Rechtsgrundlage: § 45 Abs. 1, § 46 Abs. 1 i. V. m. § 40 Abs. 4, § 46 Abs. 2 - 4 und Abs. 10, § 40 Abs. 1 - 3 GO
§ 40
Wahlen durch die Gemeindevertretung
(1) Wahlen sind Beschlüsse, die durch Gesetz oder aufgrund eines Gesetzes durch Verordnung als Wahlen bezeichnet werden.
(2) Gewählt wird, wenn niemand widerspricht, durch Handzeichen, sonst durch Stimmzettel.
(3) Gewählt ist, wer die meisten Stimmen erhält. Bei Stimmengleichheit findet ein weiterer Wahlgang statt. Bei erneuter Stimmengleichheit entscheidet das Los, das die oder der Vorsitzende der Gemeindevertretung zieht.
(4) Bei Verhältniswahl (§ 46 Abs. 1) stimmt die Gemeindevertretung in einem Wahlgang über die Wahlvorschläge (Listen) der Fraktionen ab. Gemeindevertreterinnen und -vertreter und andere Bürgerinnen und Bürger (§ 46 Abs. 3) müssen in einem Wahlvorschlag aufgeführt werden. Die Zahl der Stimmen, die jeder Wahlvorschlag erhält, wird durch 0,5 - 1,5 - 2,5 usw. geteilt. Die Wahlstellen werden in der Reihenfolge der Höchstzahlen auf die Wahlvorschläge verteilt. Über die Zuteilung der letzten Wahlstelle entscheidet bei gleicher Höchstzahl das Los, das die oder der Vorsitzende der Gemeindevertretung zieht. Die Bewerberinnen und Bewerber einer Fraktion werden in der Reihenfolge berücksichtigt, die. sich aus dem Wahlvorschlag ergibt.
Bemerkungen:
- Wählbarkeit: jedes Mitglied der Gemeindevertretung; nach Maßgabe der Hauptsatzung auch wählbare Bürger/innen
- Vorschlagsrecht:
a) jedes Mitglied der Gemeindevertretung
b) Fraktion, wenn Verhältniswahl verlangt
- Wahlverfahren:
a) Meiststimmenverfahren
b) auf Verlangen einer Fraktion Verhältniswahl
- Art der Stellvertretung: Persönliche Vertretung oder Pool-Vertretung, die Vertretung durch die Stellvertretenden erfolgt in der Reihenfolge ihrer Wahl (§ 46 Abs. 4 i. V. mit § 33 Abs. 1 Satz 4 GO).

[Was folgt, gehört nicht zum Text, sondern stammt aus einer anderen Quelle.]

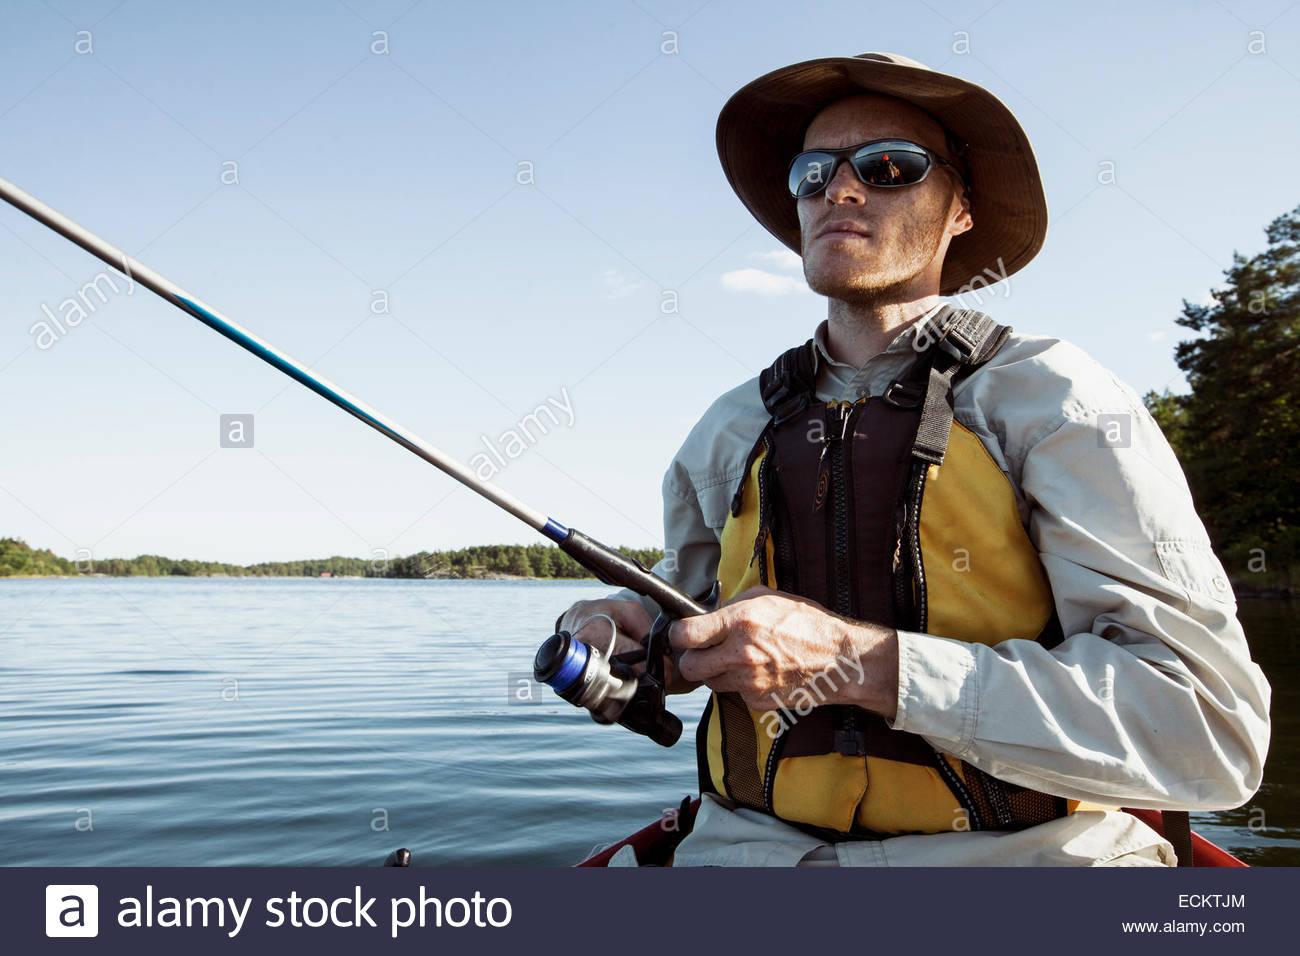 Man holding fishing rod in lake - Stock Image

Die Wahl der Stellvertretenden sollte nach demselben Wahlverfahren wie die Wahl der originären Ausschussmitglieder erfolgen. Ein gemeinsamer Wahlgang ist zulässig, wenn keine/r widerspricht.
Wahlverfahren:
- Meiststimmenverfahren:
Es gilt die Einzelwahl für jeden Ausschusssitz. Falls kein Mitglied der Gemeindevertretung widerspricht, kann über die Besetzung eines gesamten Ausschusses, mehrerer oder auch aller Ausschüsse in einem Wahlgang abgestimmt werden (Blockwahl).
- Verhältniswahl: Das Verlangen muss für jeden Ausschuss einzeln gestellt werden. Falls kein Mitglied der Gemeindevertretung widerspricht, kann über die Besetzung mehrerer oder auch aller Ausschüsse in einem Wahlgang abgestimmt werden (Blockwahl).
Wahlvorschläge (Namenslisten) sind vorab zu hinterlegen. Ausschusssitze werden auf der Grundlage des Abstimmungsergebnisses (über eingereichte Listen) nach dem Verfahren Sainte-Lague / Schepers vergeben (anders: gebundenes Vorschlagsrecht auf der Basis der Fraktionsstärken).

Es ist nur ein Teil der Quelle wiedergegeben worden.